A two-dimensional classical partition function can often be represented by an infinite tensor network. There are many ways to evaluate such a network, but here we focus on the so-called boundary MPS methods. These first reduce the problem from contracting a two-dimensional network to the contraction of a one-dimensional MPS, by finding the fixed point of the row-to-row (or column-to-column) transfer matrix. In these cases however, there might be a non-trivial periodicity in both the horizontal as well as vertical direction. Therefore, in MPSKit they are represented by MultilineMPS, which are simply a repeating set of InfiniteMPS.

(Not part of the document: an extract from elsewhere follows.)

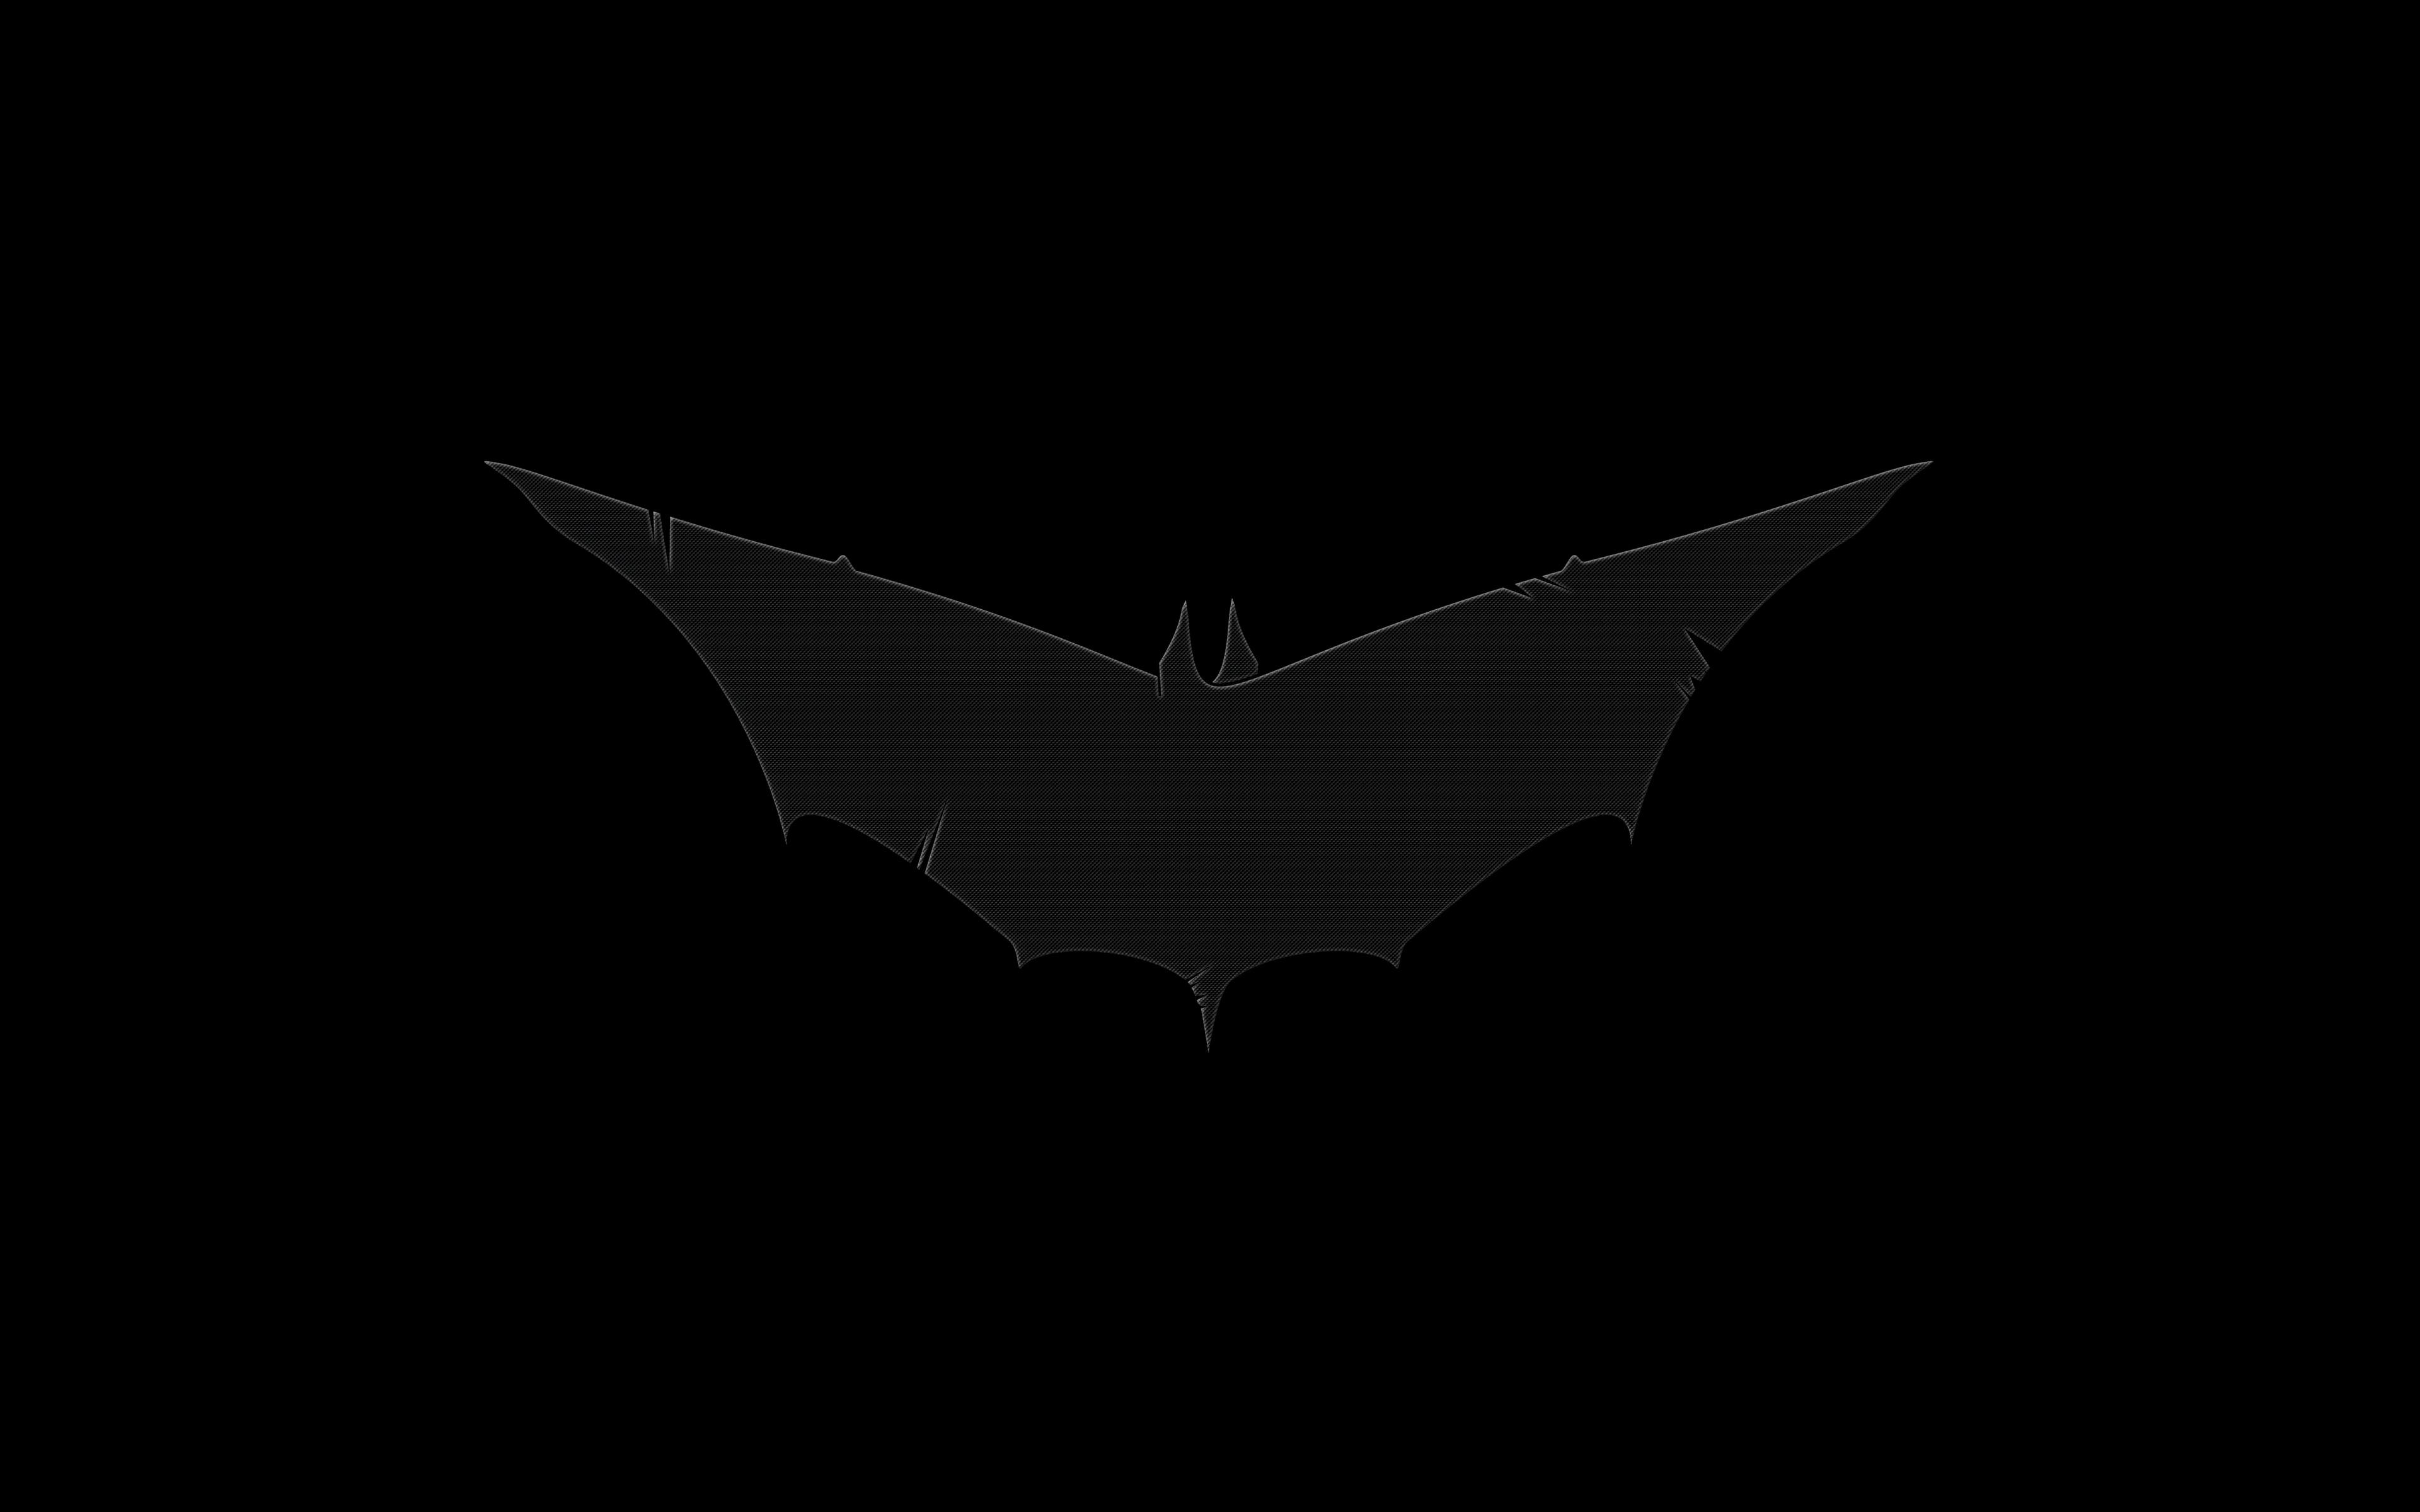 batman-dark-logo-8k-jx.jpg

state = MultilineMPS(fill(infinite_state, 2))
MultilineMPS{InfiniteMPS{TensorKit.TensorMap{ComplexF64, TensorKit.ComplexSpace, 2, 1, Vector{ComplexF64}}, TensorKit.TensorMap{ComplexF64, TensorKit.ComplexSpace, 1, 1, Vector{ComplexF64}}}}(InfiniteMPS{TensorKit.TensorMap{ComplexF64, TensorKit.ComplexSpace, 2, 1, Vector{ComplexF64}}, TensorKit.TensorMap{ComplexF64, TensorKit.ComplexSpace, 1, 1, Vector{ComplexF64}}}[│   ⋮
│ C[1]: TensorMap(ℂ^4 ← ℂ^4)
├── AL[1]: TensorMap((ℂ^4 ⊗ ℂ^2) ← ℂ^4)
│   ⋮
, │   ⋮
│ C[1]: TensorMap(ℂ^4 ← ℂ^4)
├── AL[1]: TensorMap((ℂ^4 ⊗ ℂ^2) ← ℂ^4)
│   ⋮
])

They offer some convenience functionality for using cartesian indexing (row - column):

You can access properties by calling

row = 2
col = 2
al = state.AL[row, col];
TensorMap((ℂ^4 ⊗ ℂ^2) ← ℂ^4):
[:, :, 1] =
   0.4993385518005107 + 0.5039467560992162im     …     0.5666694638564805 + 0.40274961953947197im
  0.07277340580931106 + 0.06057961265455346im        0.052306378857341185 + 0.029044721589467956im
 0.019534694290421584 - 0.0032494844257118724im       0.01949871532879461 + 0.0003962610650575212im
 0.004048531702222025 + 0.004971863894832554im      0.0031250901909705576 + 0.0028866298399368804im

[:, :, 2] =
   0.08465576974058202 - 0.6786588513554553im    …   0.03913391932516956 + 0.7020918896671328im
  -0.04331509665122679 - 0.125391410086677im         0.03283147832929415 + 0.13097550674686192im
 -0.023366172351686924 + 0.011619258511375378im     0.029617014176422686 - 0.0024191701765835802im
 -0.006748281821895453 - 0.01566583585638581im      0.008746185888906265 + 0.005284667451390805im

[:, :, 3] =
 -0.010536200465513228 + 0.15769749052497747im   …  -0.009148401134966067 - 0.08016289786544678im
  -0.12125511882855068 - 0.8474532917584939im           0.260598747645854 + 0.3382641317984576im
   0.07619631379215153 + 0.18153892642597952im      -0.048517941582935084 - 0.0890863415239789im
 -0.007653803597992986 - 0.028428937382105748im       0.05574978180932981 + 0.016402454908212006im

[:, :, 4] =
 -0.013461118176483104 - 0.025497033573642233im  …  -0.10331927363371057 + 0.029748542658526972im
    0.4010648954467331 + 0.10994082099404923im        0.8092602336931201 - 0.1577730037943597im
  -0.11359168014787097 - 0.1184090415441578im        -0.2978043029902884 - 0.07925961910166016im
   0.09594146911252621 - 0.0277931892064887im       -0.04271873565979338 + 0.034336455582860415im

These objects are also used extensively in the context of PEPSKit.jl.